→ **DATA RECORDS**
=== Begin Enclosure ===

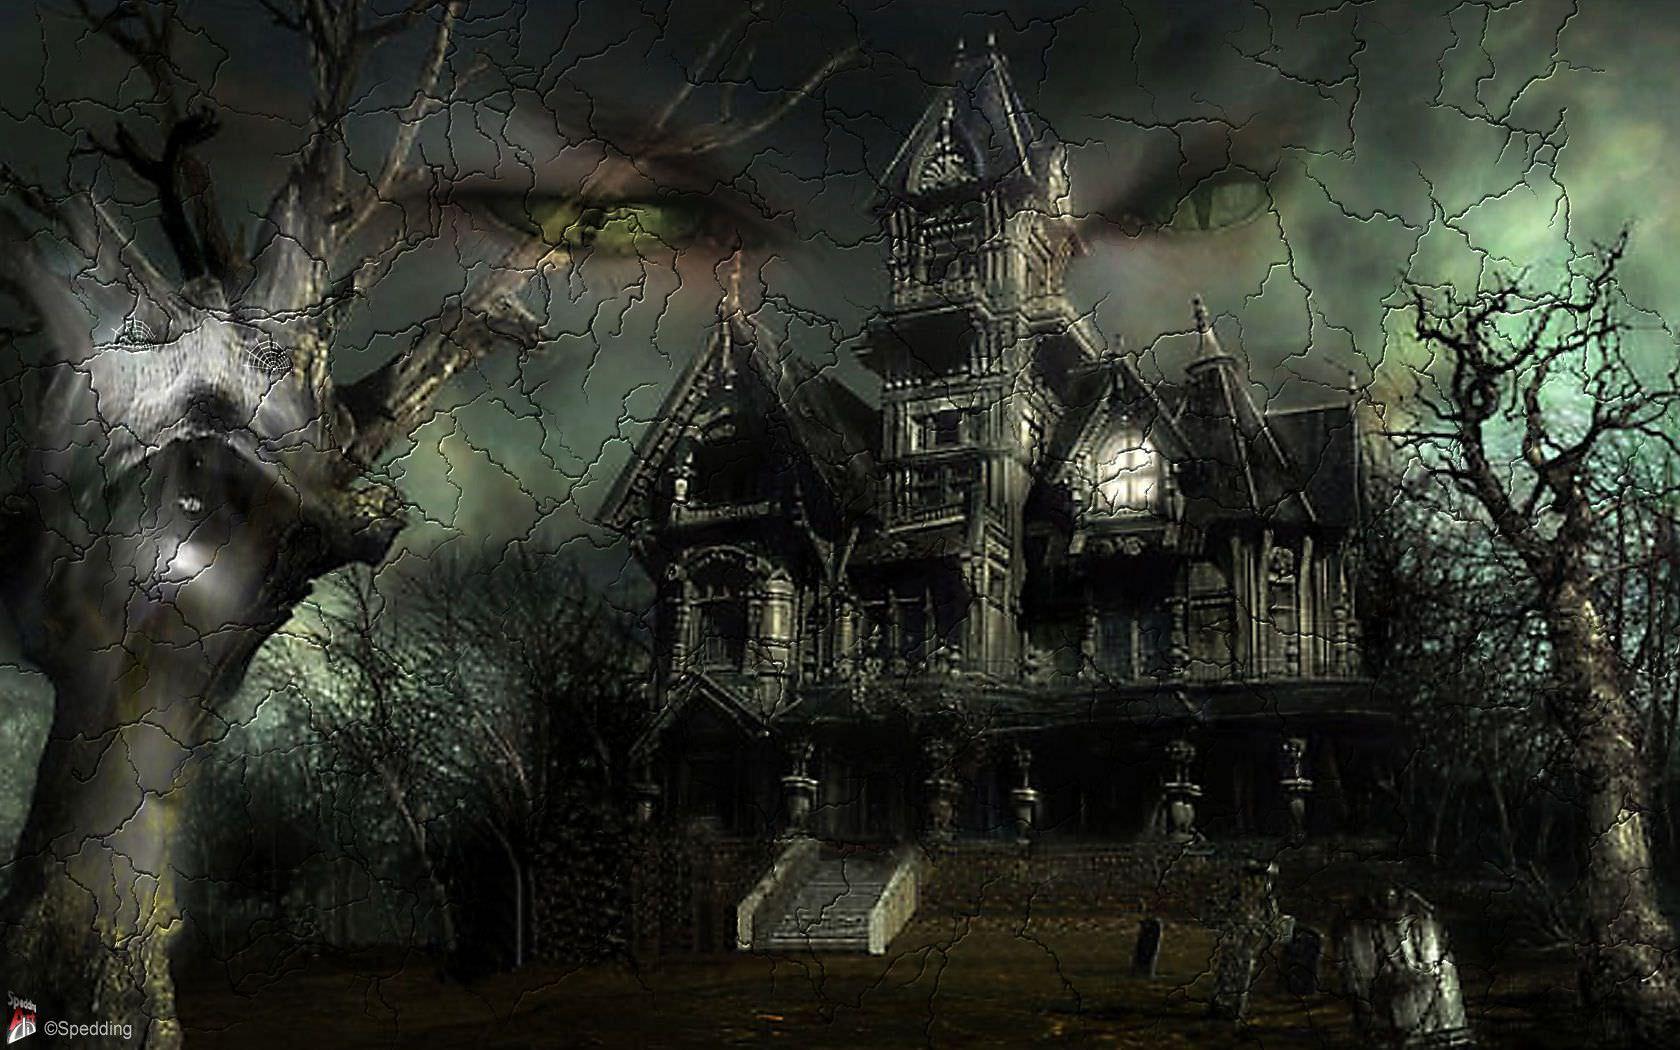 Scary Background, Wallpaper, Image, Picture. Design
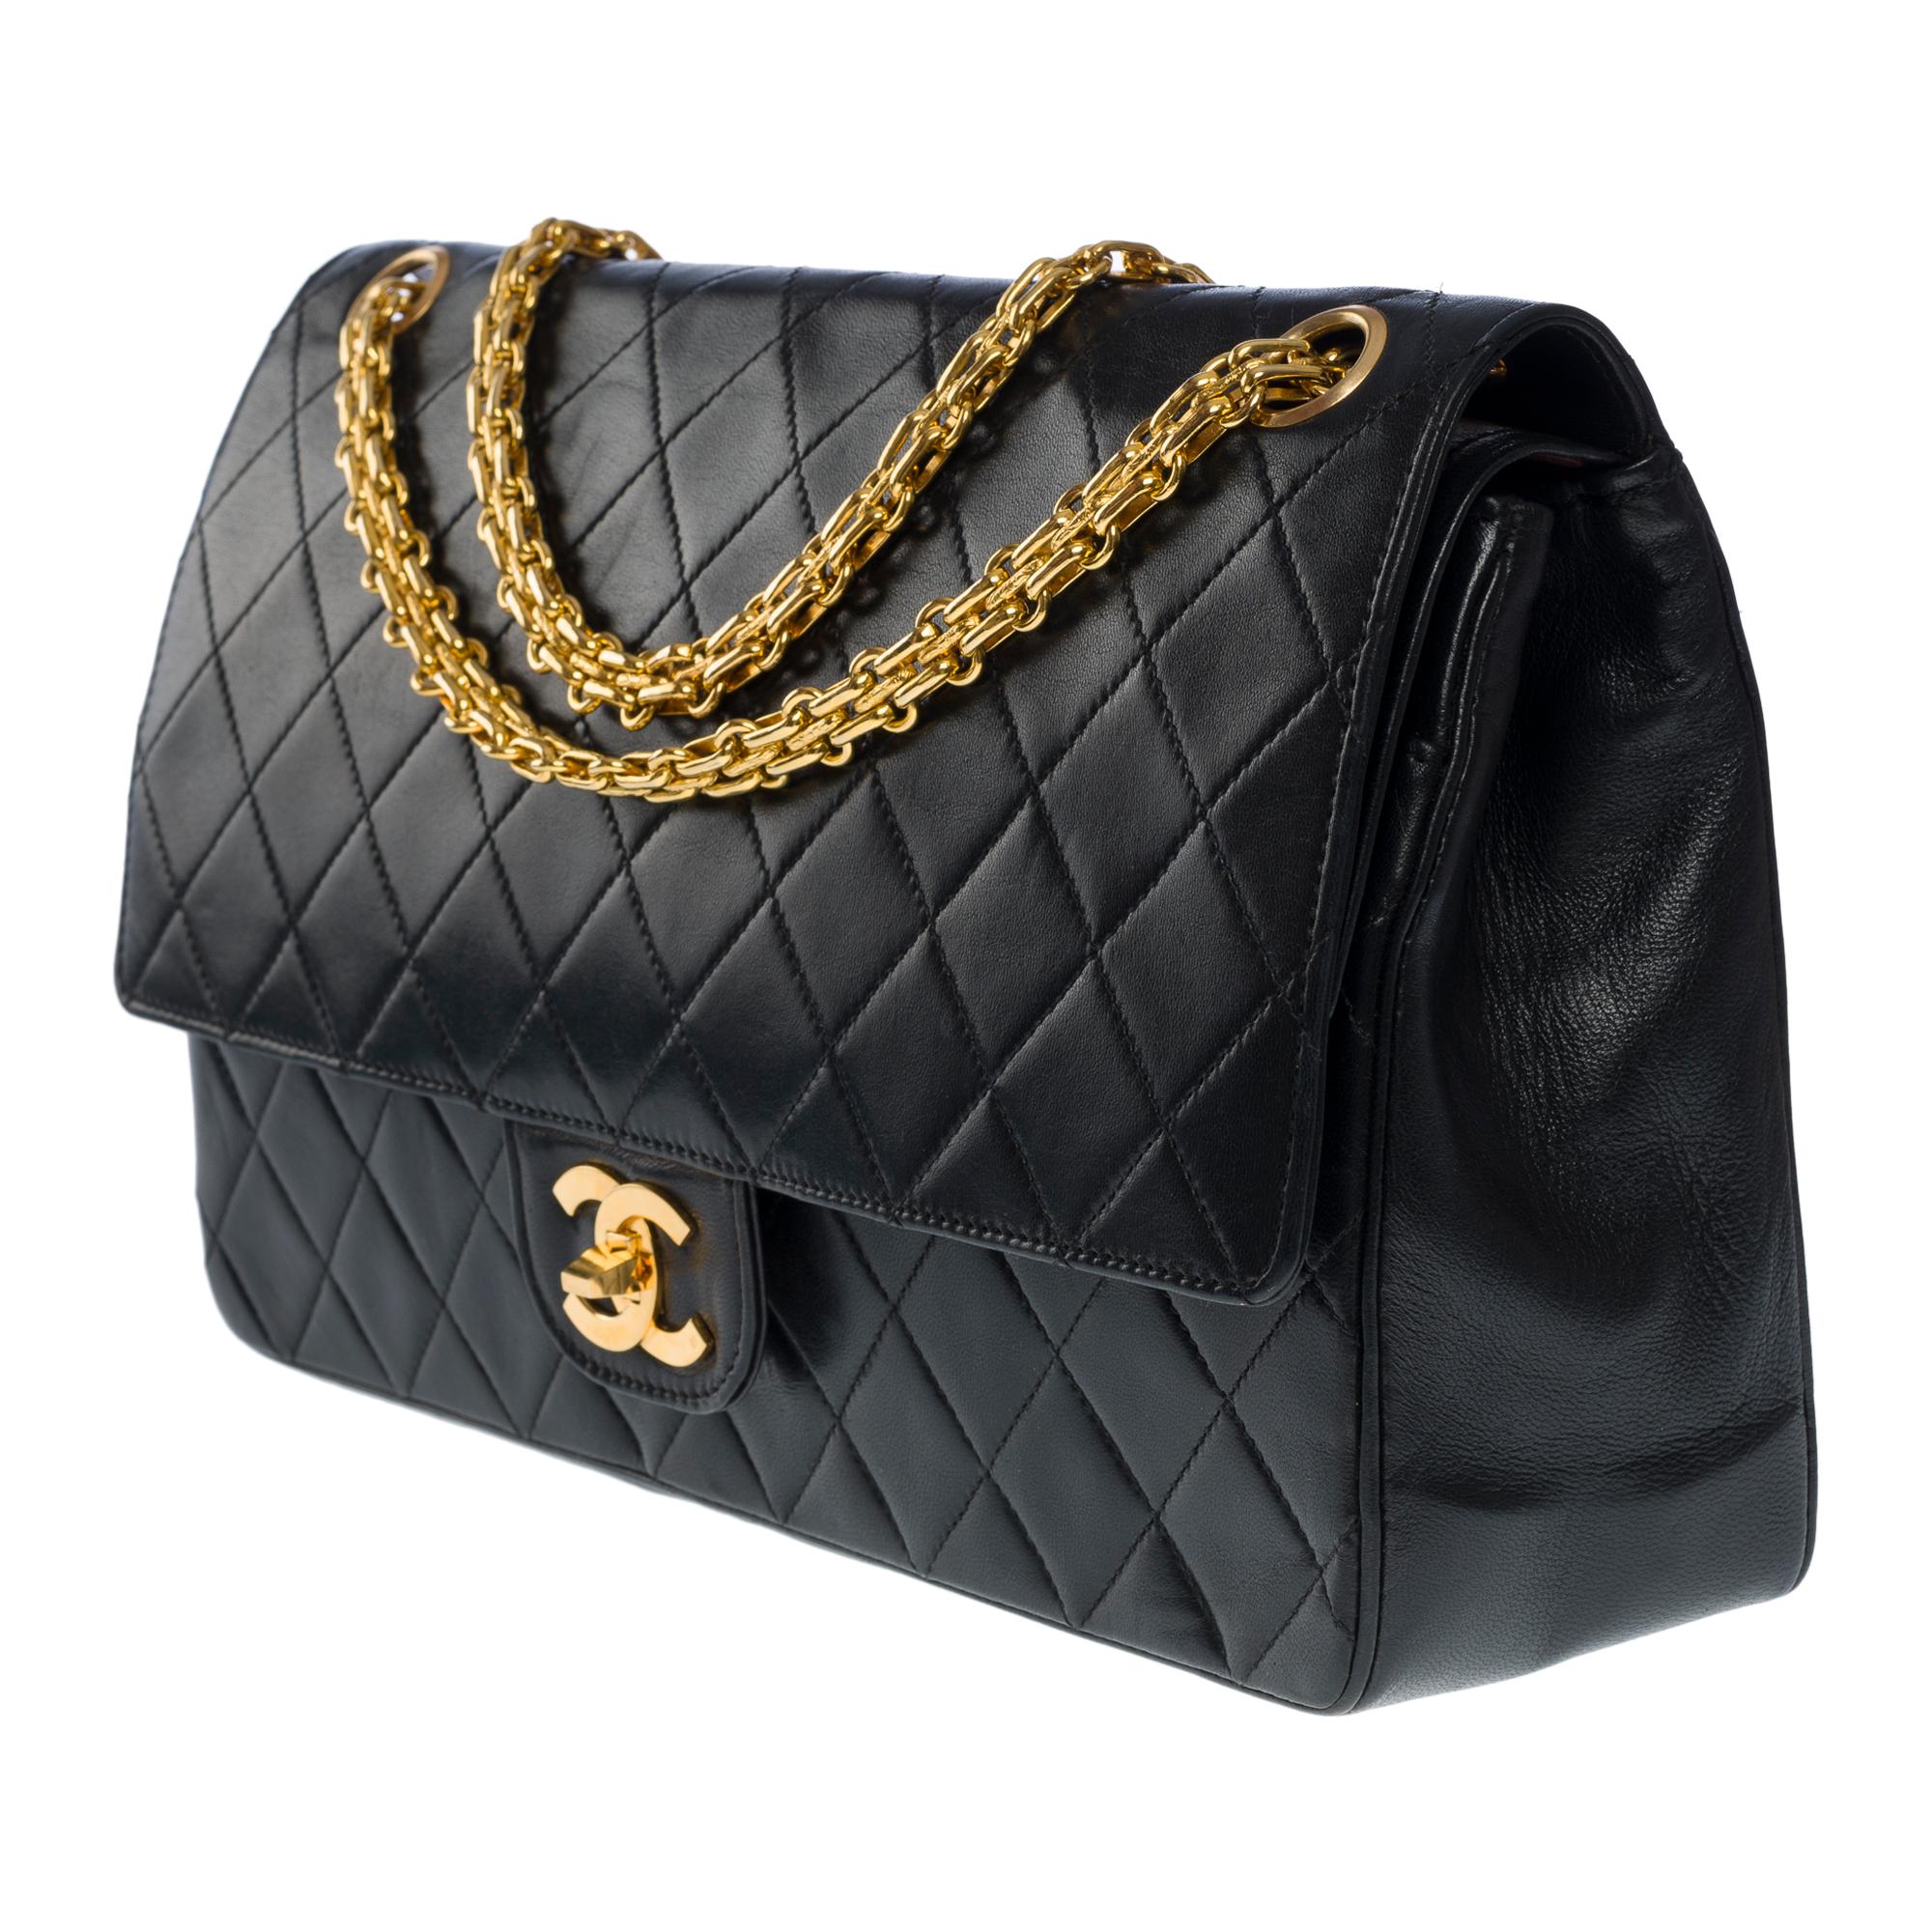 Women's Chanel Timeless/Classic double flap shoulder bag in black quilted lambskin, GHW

=== End Enclosure ===
=== Begin Enclosure ===

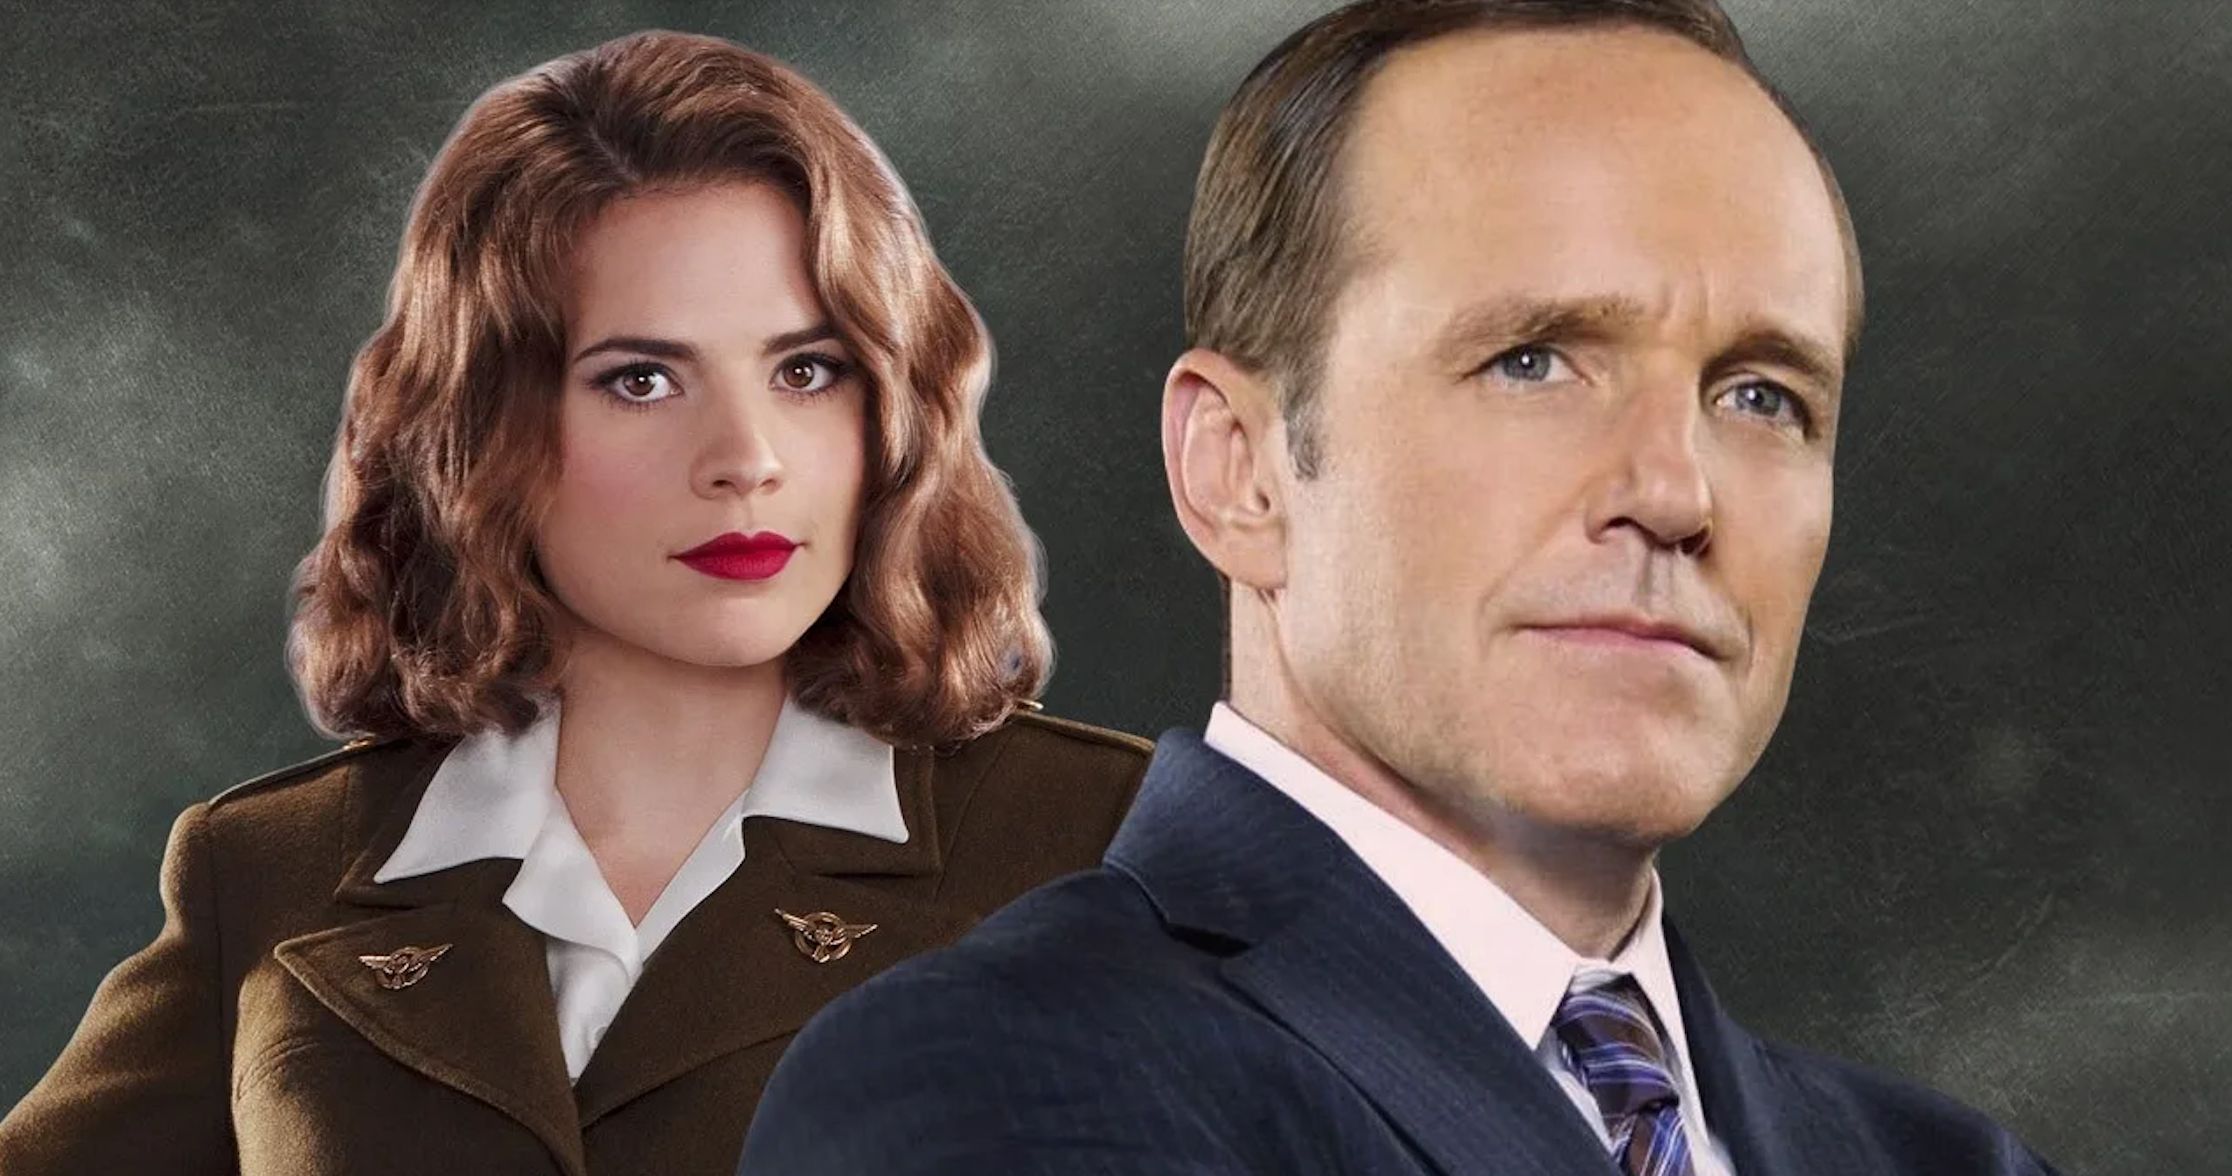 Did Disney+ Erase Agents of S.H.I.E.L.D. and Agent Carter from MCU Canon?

=== End Enclosure ===
=== Begin Enclosure ===

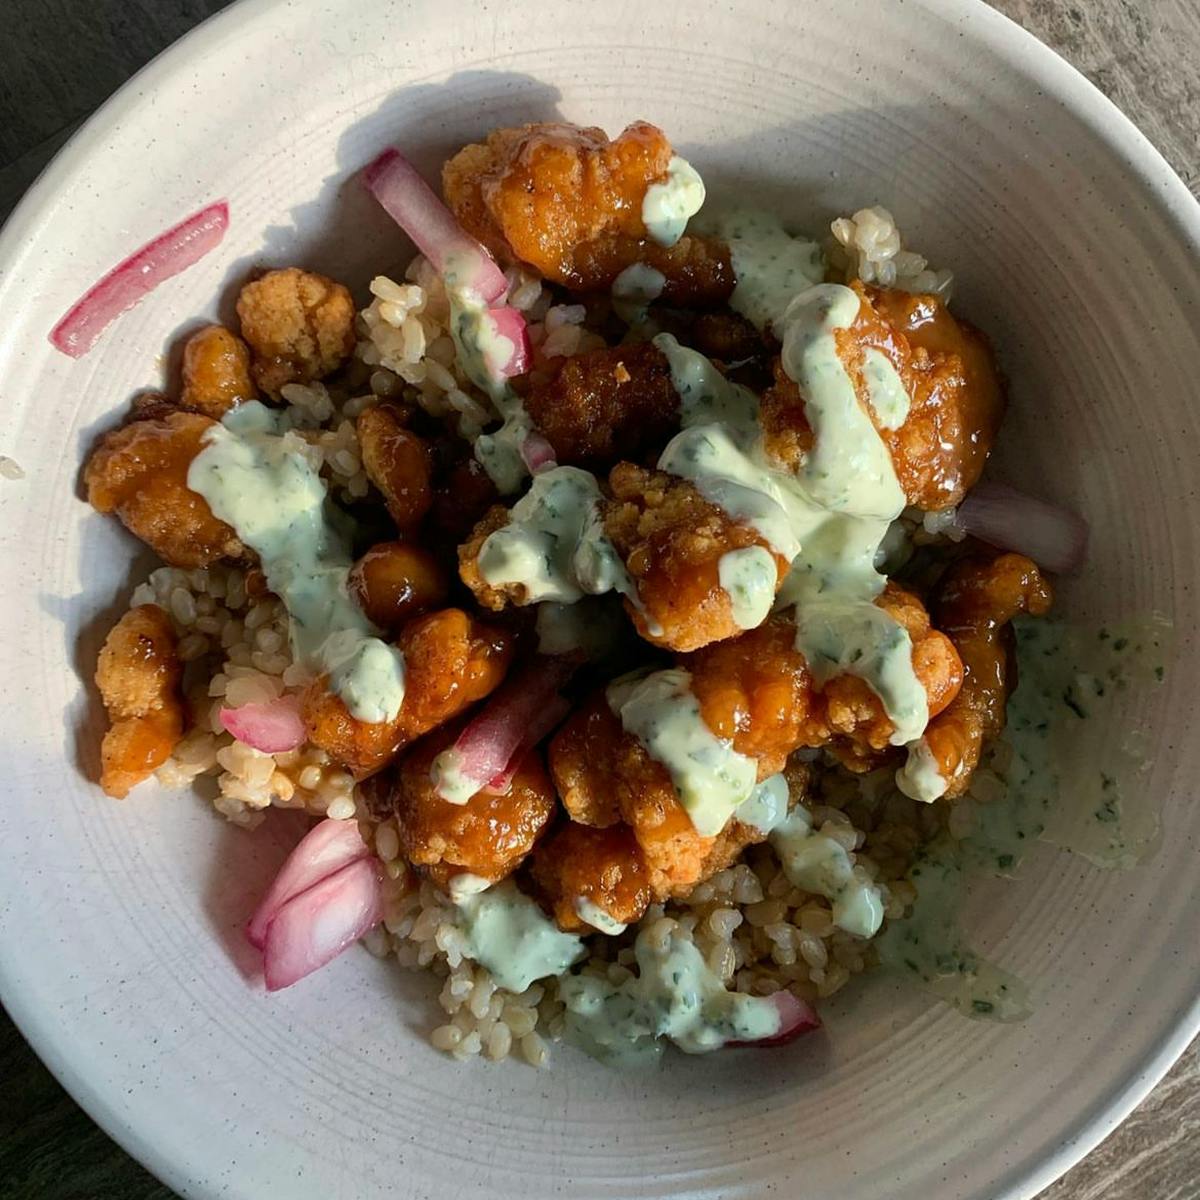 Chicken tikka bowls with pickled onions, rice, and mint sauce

=== End Enclosure ===

→ **PROBLEM**
Restate the lines above from the one containing "Scary Background, Wallpaper, Image, Picture." through the one containing "Women's Chanel Timeless/Classic", inclusive, exactly and without pictures.

→ **YOUR SOLUTION**
 Scary Background, Wallpaper, Image, Picture. Design
 Women's Chanel Timeless/Classic double flap shoulder bag in black quilted lambskin, GHW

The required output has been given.